Gurney H P, Ackland S, Gebski V, Farrell G
Department of Medical Oncology and Palliative Care, Westmead Hospital, Australia.
J Clin Oncol. 1998 Jul;16(7):2299-304. doi: 10.1200/JCO.1998.16.7.2299.
An exploratory study to test whether body-surface area (BSA) should be used for the calculation of epirubicin dose.
The relationship between pretreatment characteristics and the effects of epirubicin were investigated in 20 chemotherapy-naive patients. Measurements of body size, renal and hepatic function, and other factors were correlated with epirubicin pharmacokinetics (PK) and epirubicin-induced neutropenia. All patients received 150 mg of epirubicin infused continuously over 120 hours, regardless of body size. Factors were analyzed by univariate and multivariate linear regression.
There were no correlations between BSA or weight with any PK parameter or with the degree of neutropenia. In multivariate analysis, indicators of liver function were the only factors that correlated with neutropenia and epirubicin PK. Thus, correlations for neutropenia were seen with antipyrine clearance (P = .003), activated partial thromboplastin time (APTT) (P = .005) and serum transferrin (P = .01).
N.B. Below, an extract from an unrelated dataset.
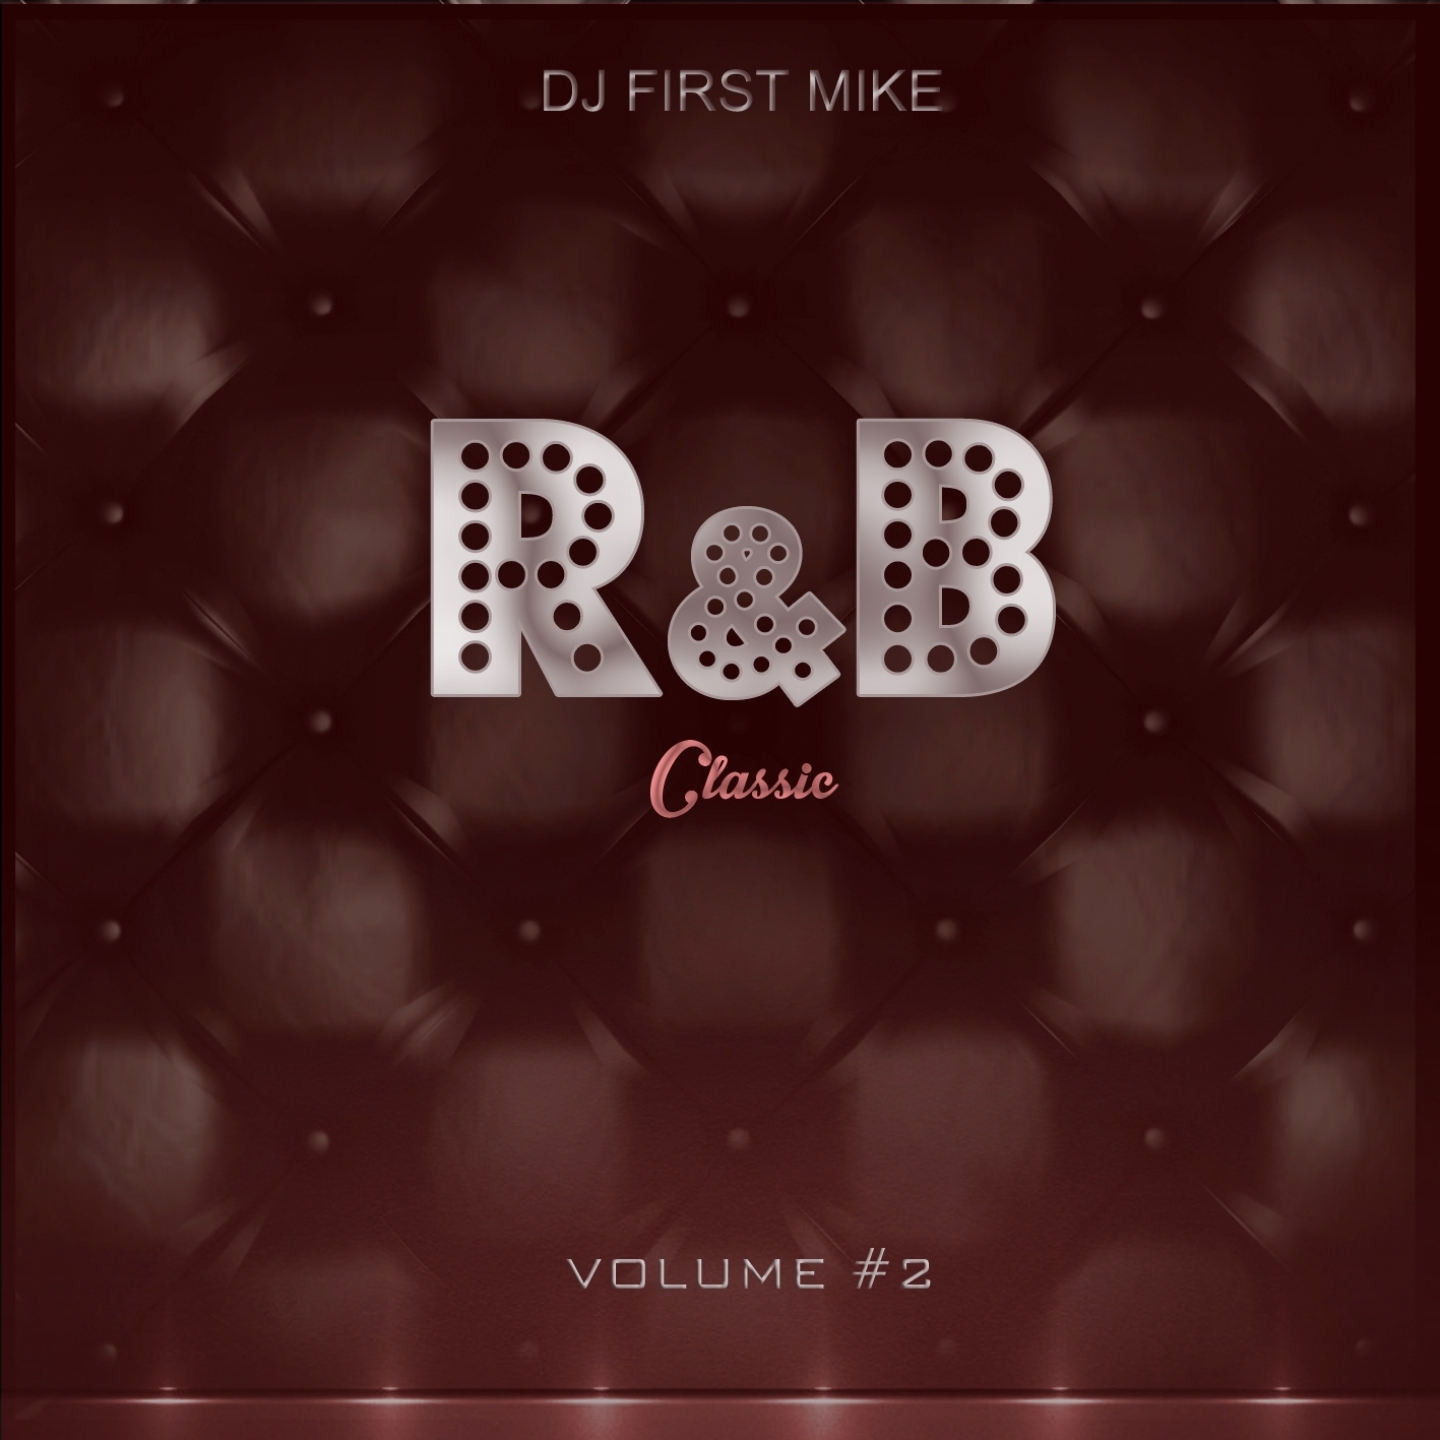 R&B Classic, Vol. 2

Further, the area under the concentration-time curve (AUC) for epirubicin correlated with prothrombin index (P < .01), antipyrine clearance (P < .01), and serum bile salt concentration (P = .03), and there were similar correlations for epirubicin steady-state concentration (CpSS). Epirubicin clearance correlated with antipyrine clearance (P = .02). PK parameters for dihydroepirubicin correlated with prothombin index, serum transferrin, and bile salt concentrations (P < .001 for all correlations). Because of the number of statistical examinations performed, some of these correlations may be spurious. However, some are likely to be real, since the same variables repeatedly correlated with different epirubicin-associated outcomes. There were no correlations between epirubicin PK indices or neutropenia and serum aminotransferase levels or other biochemical liver function tests, creatinine, or any of the clinical factors examined.
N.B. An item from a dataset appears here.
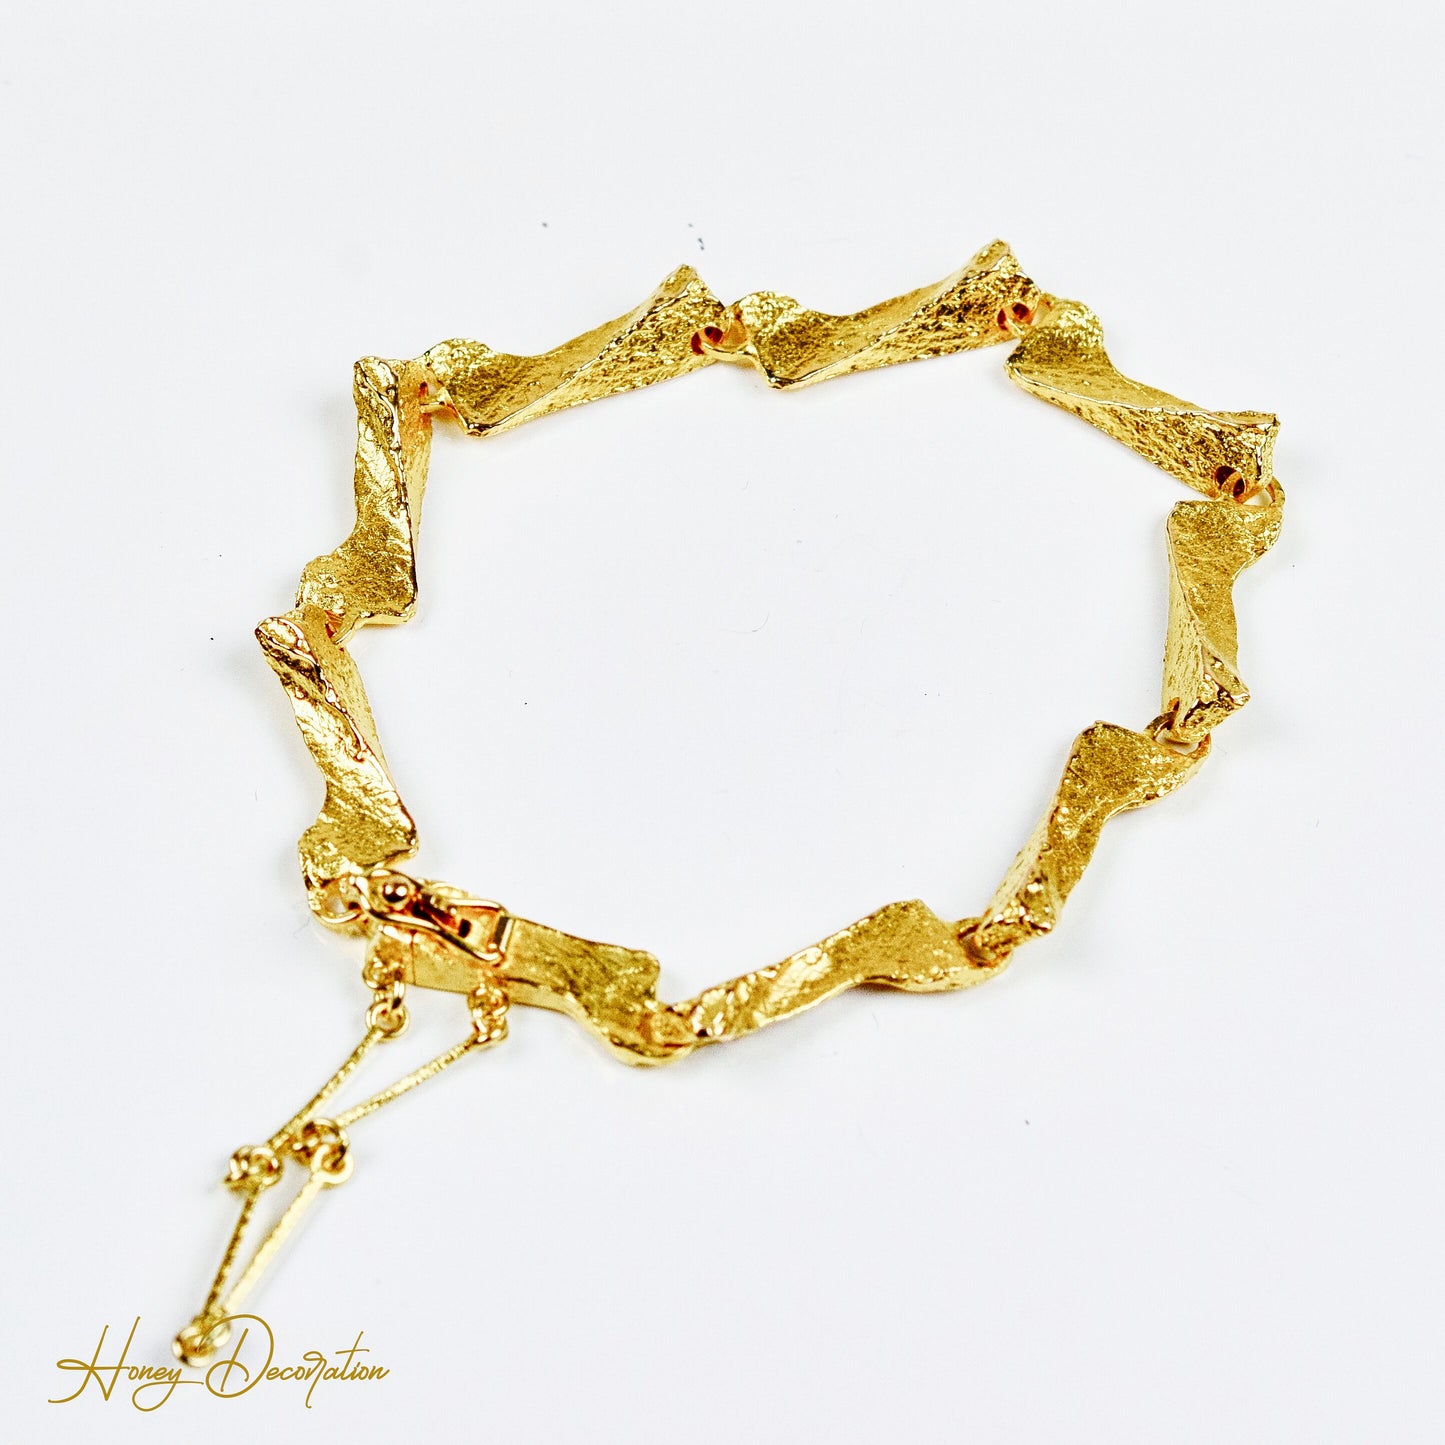 Stylish Lapponia design bracelet made of 14 karat gold

These results led us to question the use of BSA for epirubicin dose calculation. In contrast, quantitative liver function tests may give a better indication of drug handling and toxicity and may be useful to determine more accurate methods for dose calculation of epirubicin.
一项探索性研究,旨在测试是否应使用体表面积(BSA)来计算表柔比星剂量。
对20例初治化疗患者的预处理特征与表柔比星疗效之间的关系进行了研究。测量身体大小、肾功能和肝功能以及其他因素,并将其与表柔比星药代动力学(PK)和表柔比星诱导的中性粒细胞减少相关联。所有患者均接受150mg表柔比星,持续120小时静脉输注,无论身体大小如何。通过单变量和多变量线性回归分析各项因素。
BSA或体重与任何PK参数或中性粒细胞减少程度之间均无相关性。在多变量分析中,肝功能指标是与中性粒细胞减少和表柔比星PK相关的唯一因素。因此,观察到中性粒细胞减少与安替比林清除率(P = 0.003)、活化部分凝血活酶时间(APTT)(P = 0.005)和血清转铁蛋白(P = 0.01)相关。此外,表柔比星的浓度-时间曲线下面积(AUC)与凝血酶原指数(P < 0.01)、安替比林清除率(P < 0.01)和血清胆汁盐浓度(P = 0.03)相关,表柔比星稳态浓度(CpSS)也有类似的相关性。表柔比星清除率与安替比林清除率相关(P = 0.02)。表柔比星的PK参数与凝血酶原指数、血清转铁蛋白和胆汁盐浓度相关(所有相关性P < 0.001)。由于进行的统计检验数量较多,其中一些相关性可能是虚假的。然而,有些可能是真实的,因为相同的变量反复与不同的表柔比星相关结局相关。表柔比星PK指标或中性粒细胞减少与血清转氨酶水平或其他生化肝功能检查、肌酐或任何所检查的临床因素之间均无相关性。
这些结果使我们对使用BSA计算表柔比星剂量产生质疑。相比之下,定量肝功能检查可能能更好地反映药物处理和毒性情况,可能有助于确定更准确的表柔比星剂量计算方法。